:: WORK ORDER ::
Would you please repeat, word for word, only the lines from the one holding "Finishing salt - edible flowers" through the one holding "Fletcher Flannelette Cotton" in the material below, without the pictures?

:: MATERIALS PROVIDED ::
※

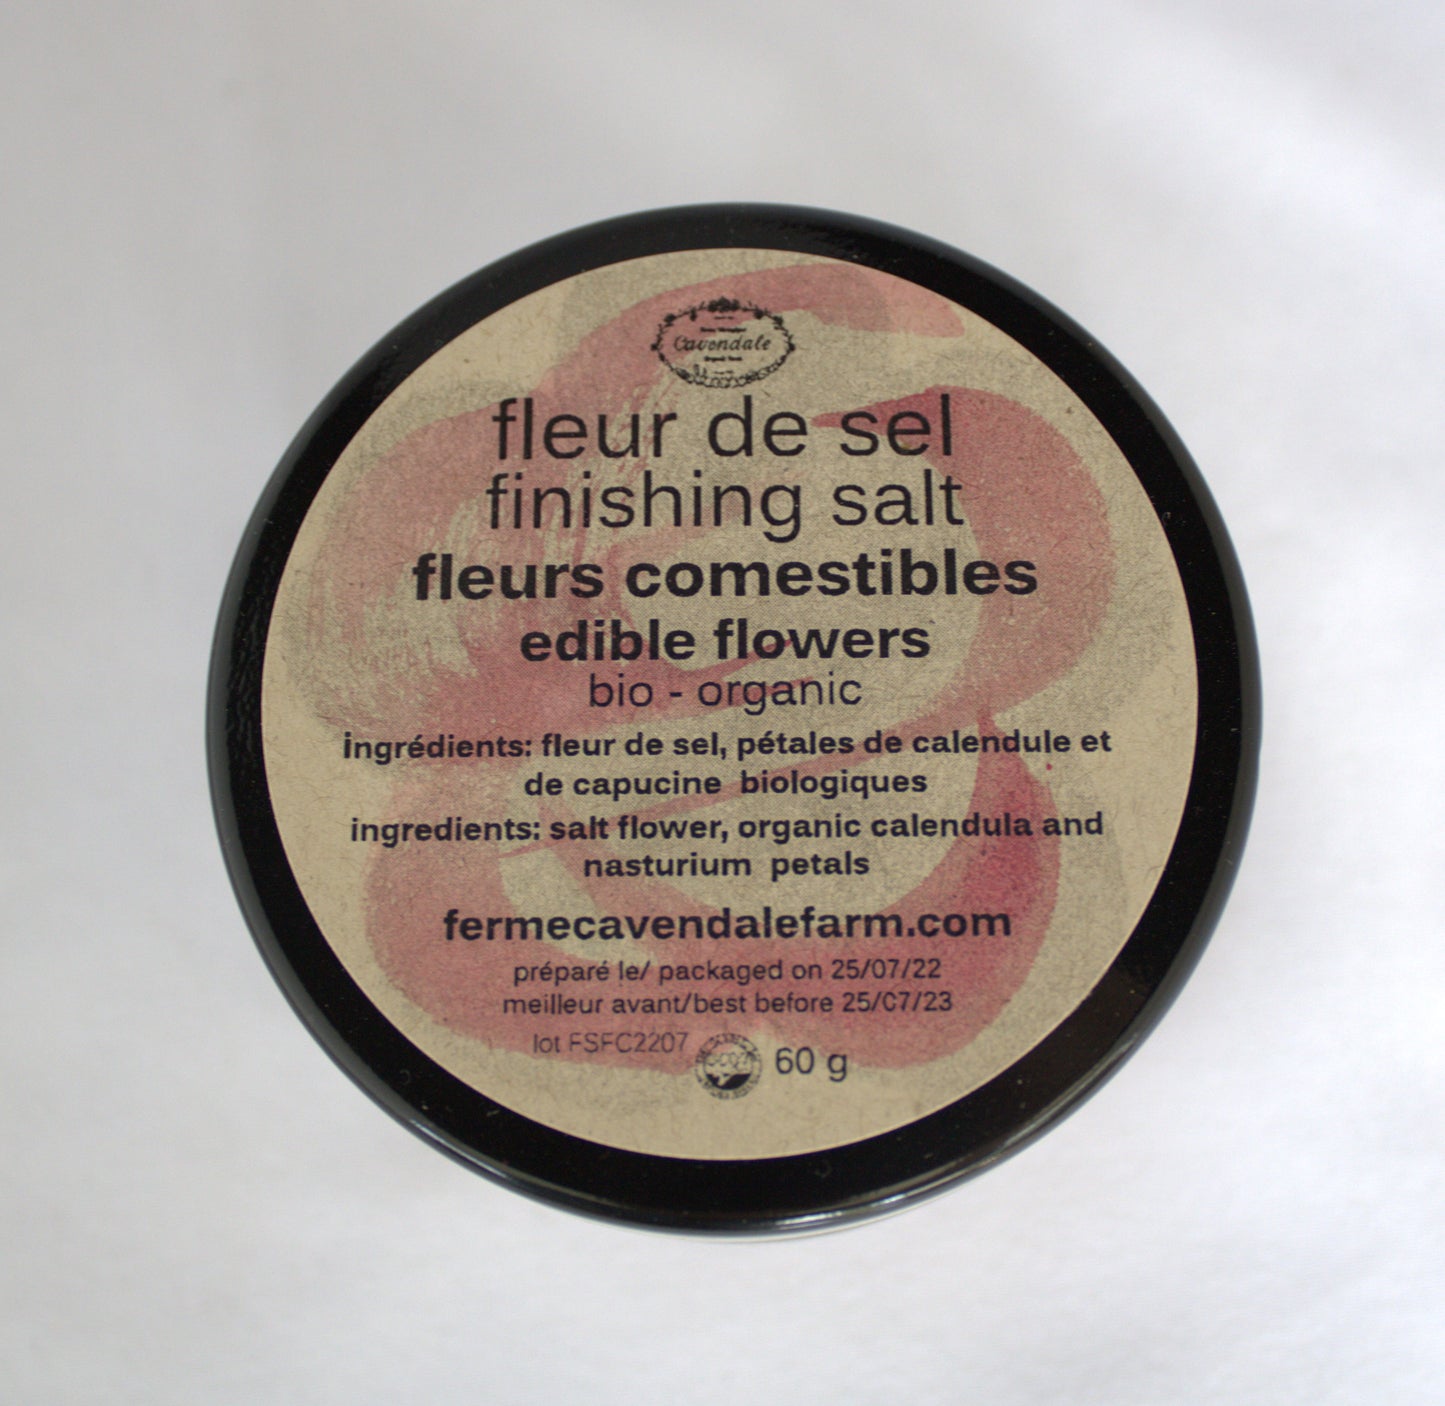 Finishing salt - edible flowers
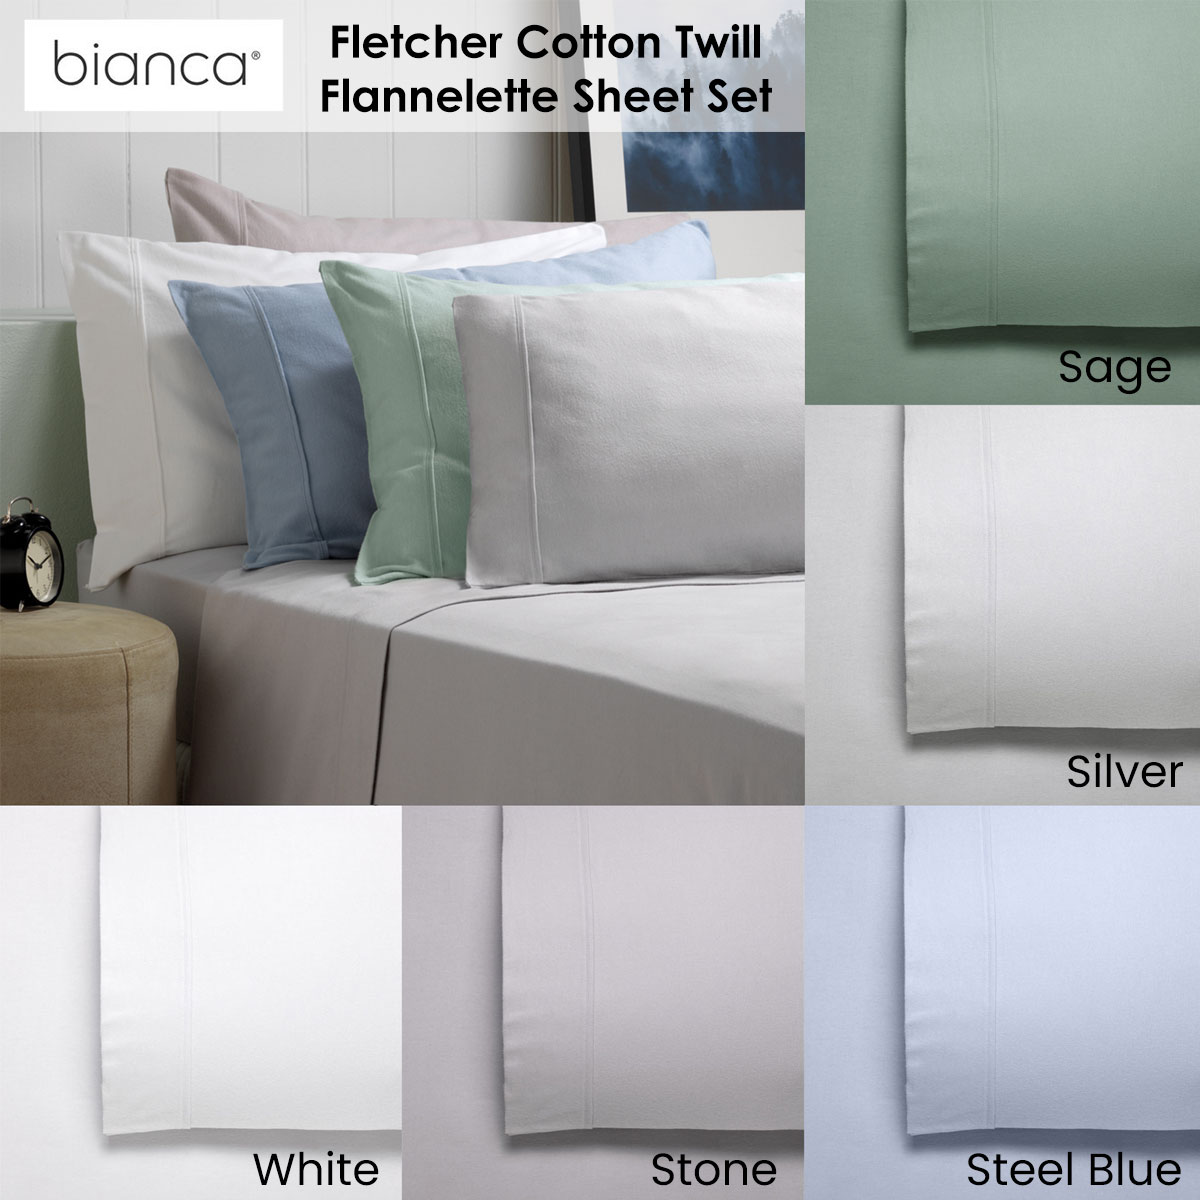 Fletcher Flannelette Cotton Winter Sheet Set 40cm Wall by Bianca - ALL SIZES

※

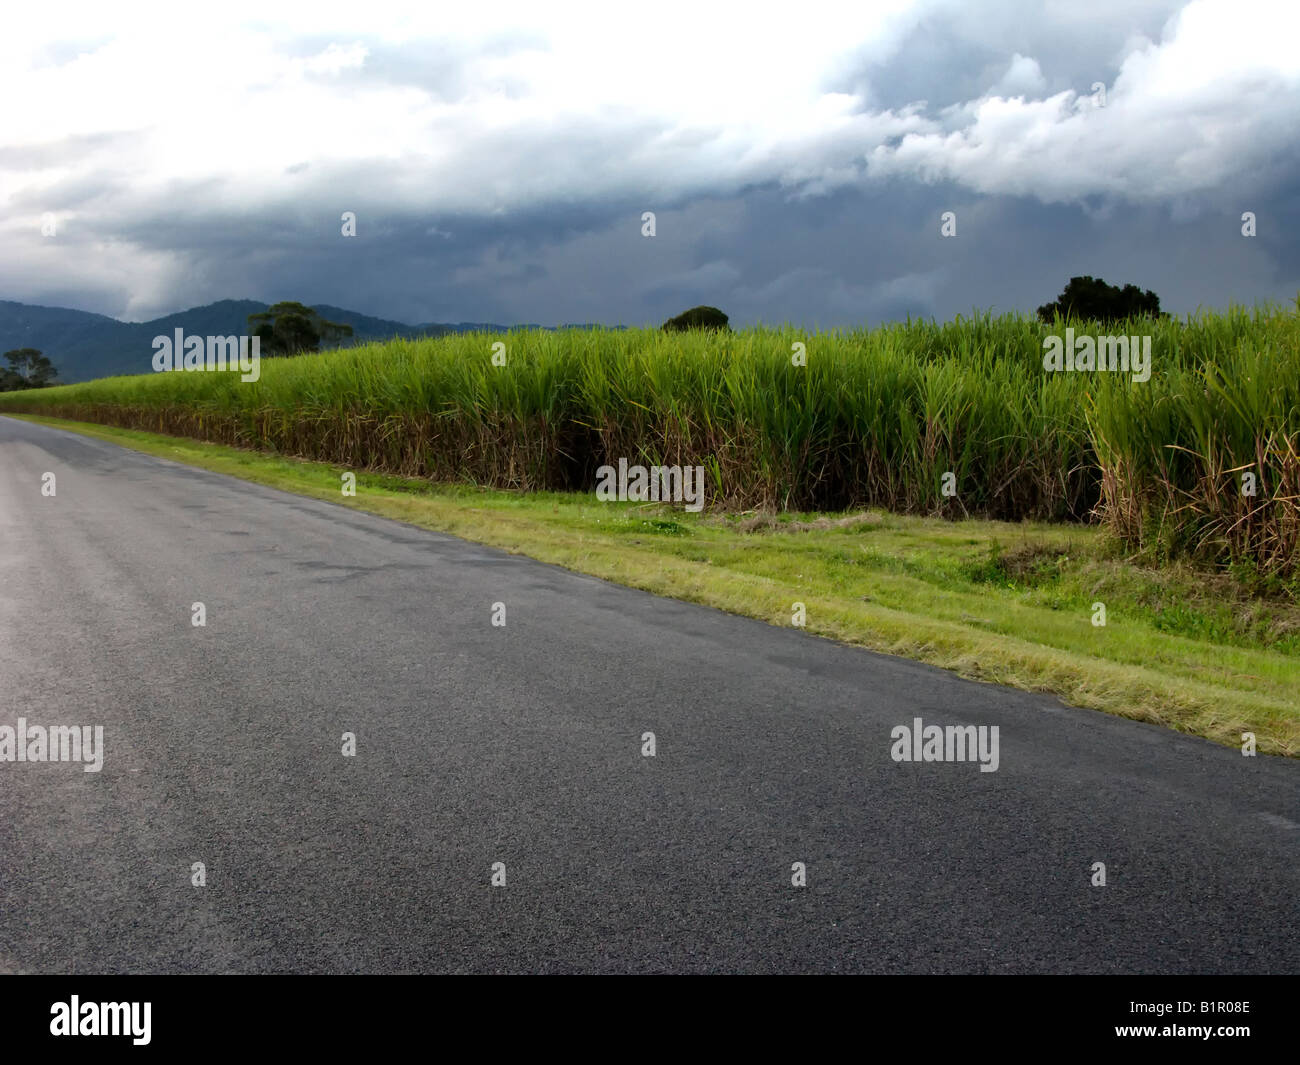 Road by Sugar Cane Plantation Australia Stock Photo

※

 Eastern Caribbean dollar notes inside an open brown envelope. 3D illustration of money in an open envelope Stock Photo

※

:: ANSWER FOR THIS EXERCISE ::
 Finishing salt - edible flowers
 Fletcher Flannelette Cotton Winter Sheet Set 40cm Wall by Bianca - ALL SIZES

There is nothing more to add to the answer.